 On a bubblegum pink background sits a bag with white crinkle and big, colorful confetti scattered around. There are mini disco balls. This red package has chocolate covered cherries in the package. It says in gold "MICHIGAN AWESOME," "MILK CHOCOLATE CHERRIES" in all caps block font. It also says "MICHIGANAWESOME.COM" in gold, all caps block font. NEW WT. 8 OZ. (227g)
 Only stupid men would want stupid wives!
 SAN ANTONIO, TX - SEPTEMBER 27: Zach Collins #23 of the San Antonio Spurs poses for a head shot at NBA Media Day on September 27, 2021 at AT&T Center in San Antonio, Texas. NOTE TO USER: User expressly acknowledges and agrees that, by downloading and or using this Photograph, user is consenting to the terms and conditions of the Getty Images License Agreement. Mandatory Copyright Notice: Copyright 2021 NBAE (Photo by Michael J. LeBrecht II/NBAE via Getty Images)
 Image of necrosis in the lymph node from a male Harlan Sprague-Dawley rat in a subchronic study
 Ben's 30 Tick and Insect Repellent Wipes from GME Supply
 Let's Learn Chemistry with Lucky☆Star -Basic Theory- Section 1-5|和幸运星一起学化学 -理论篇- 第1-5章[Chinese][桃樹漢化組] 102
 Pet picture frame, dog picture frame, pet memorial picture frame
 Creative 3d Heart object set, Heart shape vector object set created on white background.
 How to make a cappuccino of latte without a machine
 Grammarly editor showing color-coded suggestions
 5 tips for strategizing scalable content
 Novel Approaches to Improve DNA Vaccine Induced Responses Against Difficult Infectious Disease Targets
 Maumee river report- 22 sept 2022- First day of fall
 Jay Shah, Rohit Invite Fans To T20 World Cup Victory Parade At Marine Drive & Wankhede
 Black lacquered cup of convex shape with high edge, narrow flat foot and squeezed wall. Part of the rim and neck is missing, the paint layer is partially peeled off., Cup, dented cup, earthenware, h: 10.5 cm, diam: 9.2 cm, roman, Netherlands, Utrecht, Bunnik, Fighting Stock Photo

_REQUIRED WORK_
Retype the listing above, word for word, from its first line to the line containing "Jay Shah, Rohit", both ends included.

_RESPONSE TO THE EXERCISE_
 On a bubblegum pink background sits a bag with white crinkle and big, colorful confetti scattered around. There are mini disco balls. This red package has chocolate covered cherries in the package. It says in gold "MICHIGAN AWESOME," "MILK CHOCOLATE CHERRIES" in all caps block font. It also says "MICHIGANAWESOME.COM" in gold, all caps block font. NEW WT. 8 OZ. (227g)
 Only stupid men would want stupid wives!
 SAN ANTONIO, TX - SEPTEMBER 27: Zach Collins #23 of the San Antonio Spurs poses for a head shot at NBA Media Day on September 27, 2021 at AT&T Center in San Antonio, Texas. NOTE TO USER: User expressly acknowledges and agrees that, by downloading and or using this Photograph, user is consenting to the terms and conditions of the Getty Images License Agreement. Mandatory Copyright Notice: Copyright 2021 NBAE (Photo by Michael J. LeBrecht II/NBAE via Getty Images)
 Image of necrosis in the lymph node from a male Harlan Sprague-Dawley rat in a subchronic study
 Ben's 30 Tick and Insect Repellent Wipes from GME Supply
 Let's Learn Chemistry with Lucky☆Star -Basic Theory- Section 1-5|和幸运星一起学化学 -理论篇- 第1-5章[Chinese][桃樹漢化組] 102
 Pet picture frame, dog picture frame, pet memorial picture frame
 Creative 3d Heart object set, Heart shape vector object set created on white background.
 How to make a cappuccino of latte without a machine
 Grammarly editor showing color-coded suggestions
 5 tips for strategizing scalable content
 Novel Approaches to Improve DNA Vaccine Induced Responses Against Difficult Infectious Disease Targets
 Maumee river report- 22 sept 2022- First day of fall
 Jay Shah, Rohit Invite Fans To T20 World Cup Victory Parade At Marine Drive & Wankhede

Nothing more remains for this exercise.